→ Exercise
Only the lines below starting at the one that contains "Free Wallpaper - Free" and ending at the one that contains "Stainless Steel Metal" are to be reproduced, exactly and with both ends kept.

→ Records supplied
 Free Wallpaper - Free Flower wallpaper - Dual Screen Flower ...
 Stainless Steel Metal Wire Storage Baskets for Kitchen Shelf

==

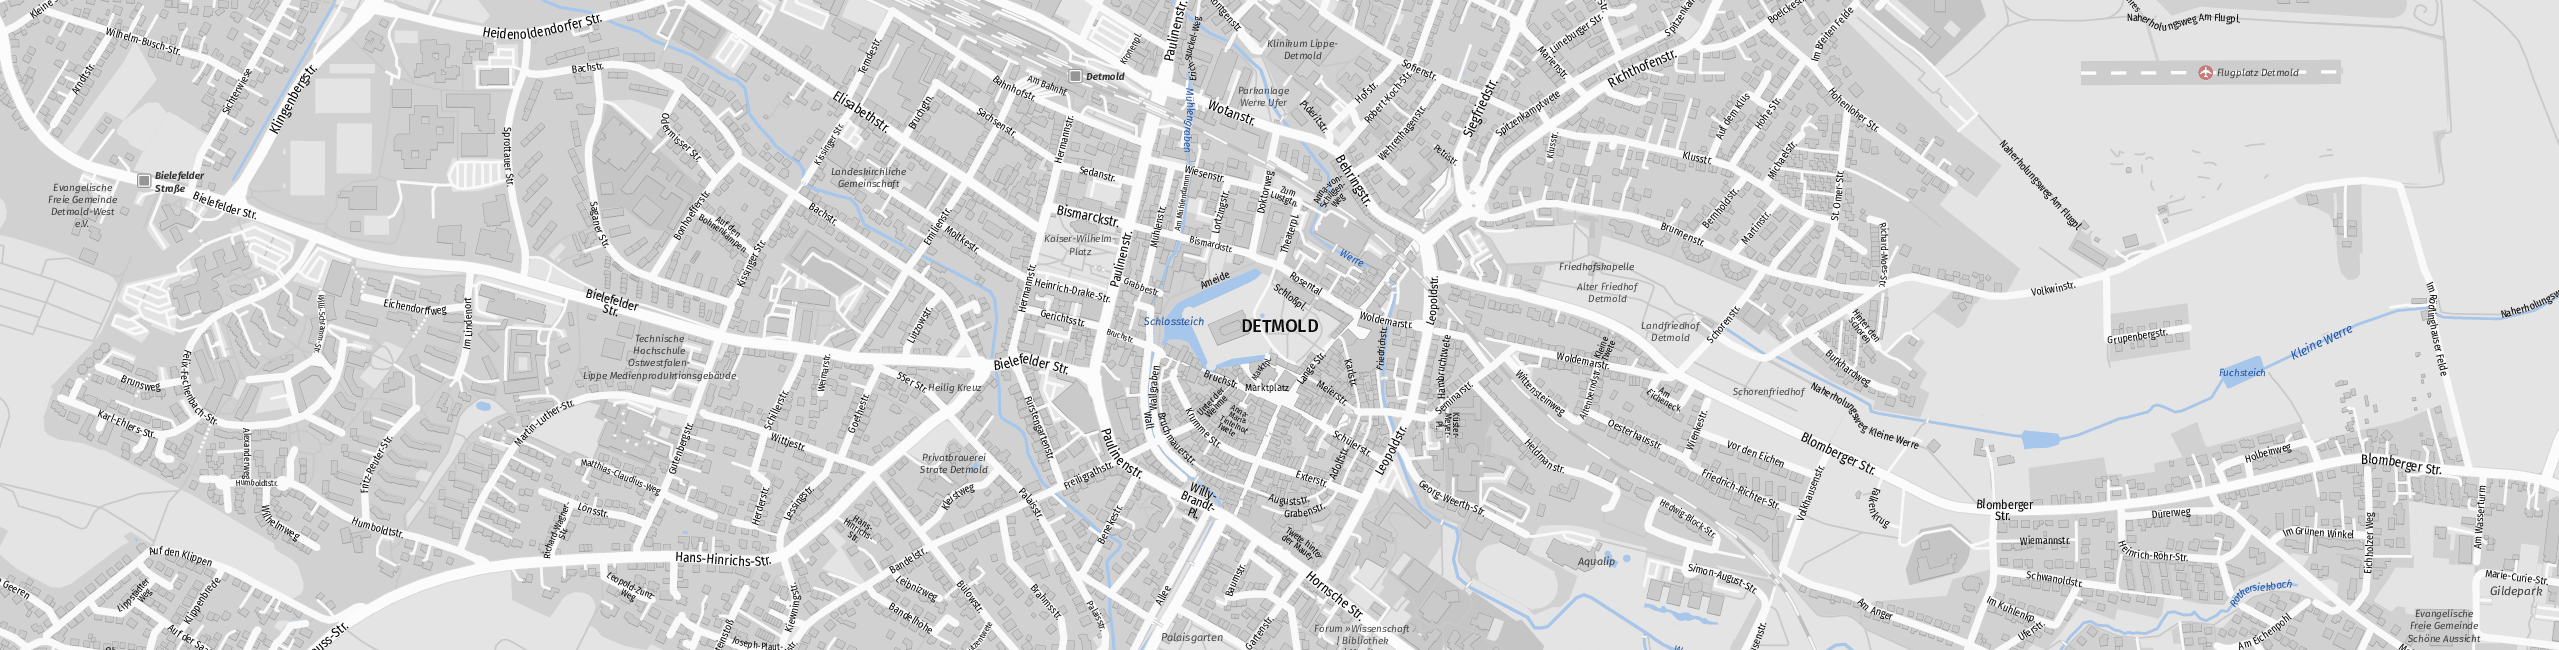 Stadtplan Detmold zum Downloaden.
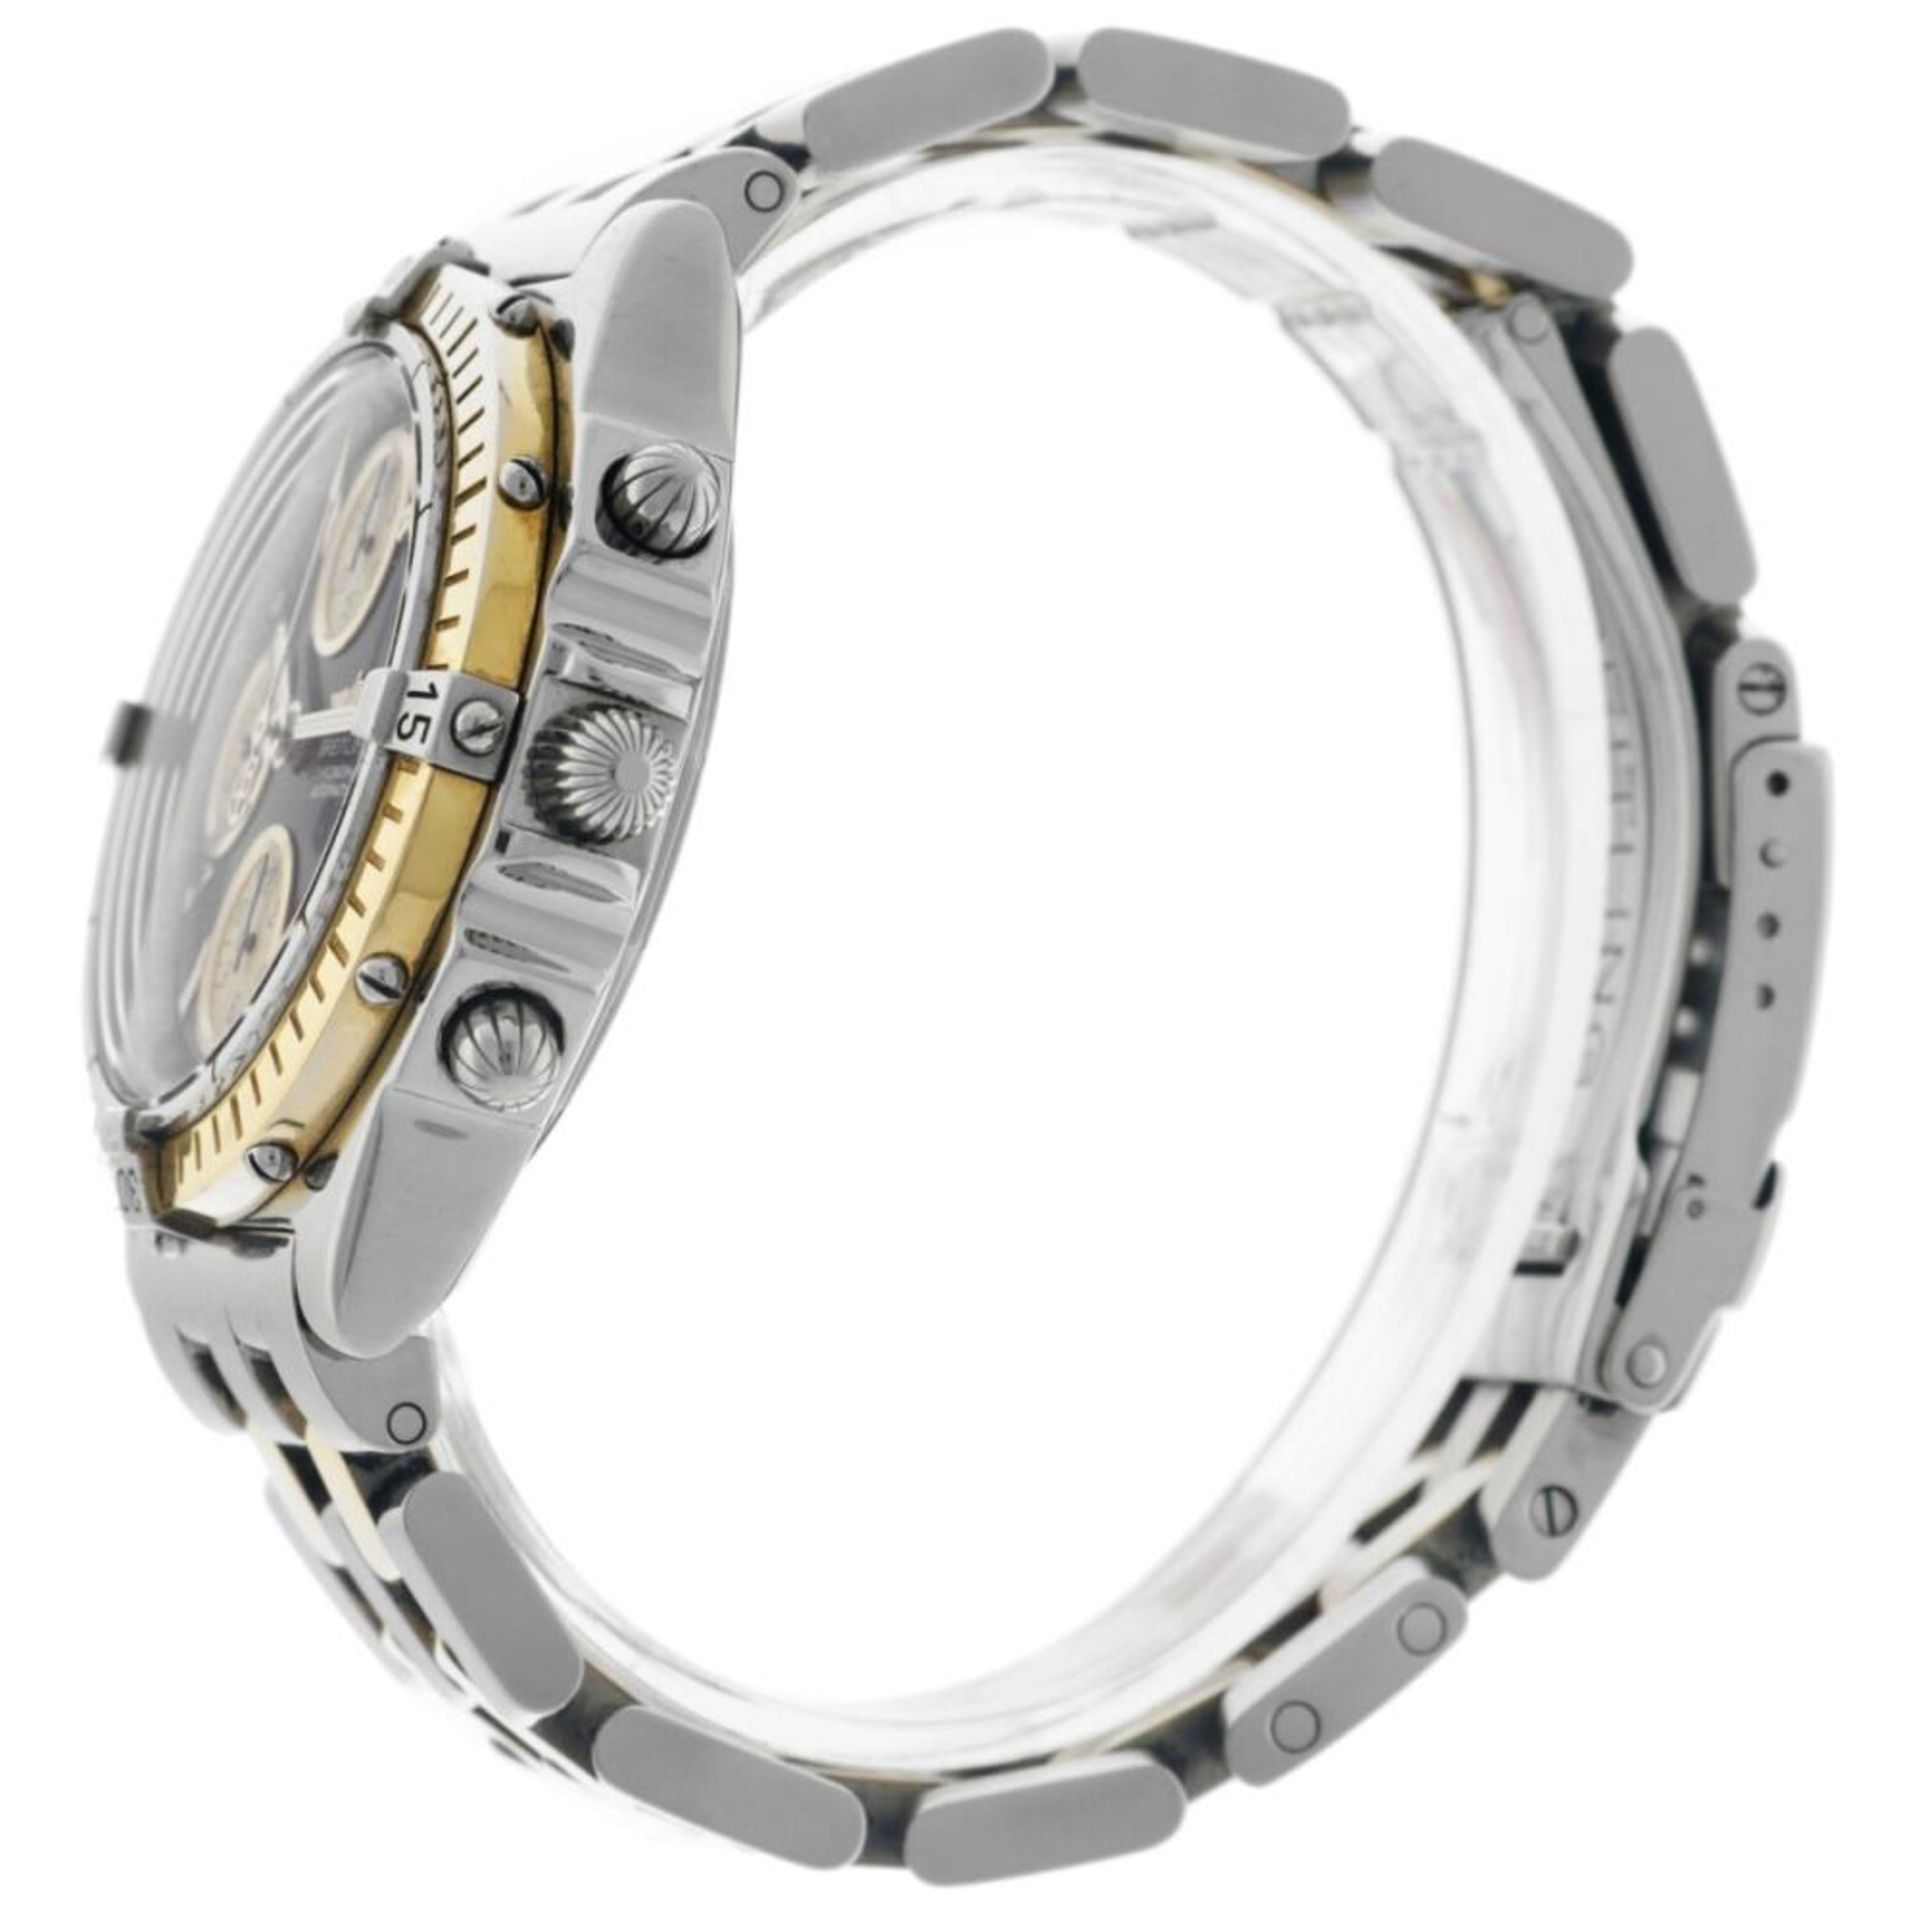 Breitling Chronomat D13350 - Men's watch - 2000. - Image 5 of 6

→ Written response
 Free Wallpaper - Free Flower wallpaper - Dual Screen Flower ...
 Stainless Steel Metal Wire Storage Baskets for Kitchen Shelf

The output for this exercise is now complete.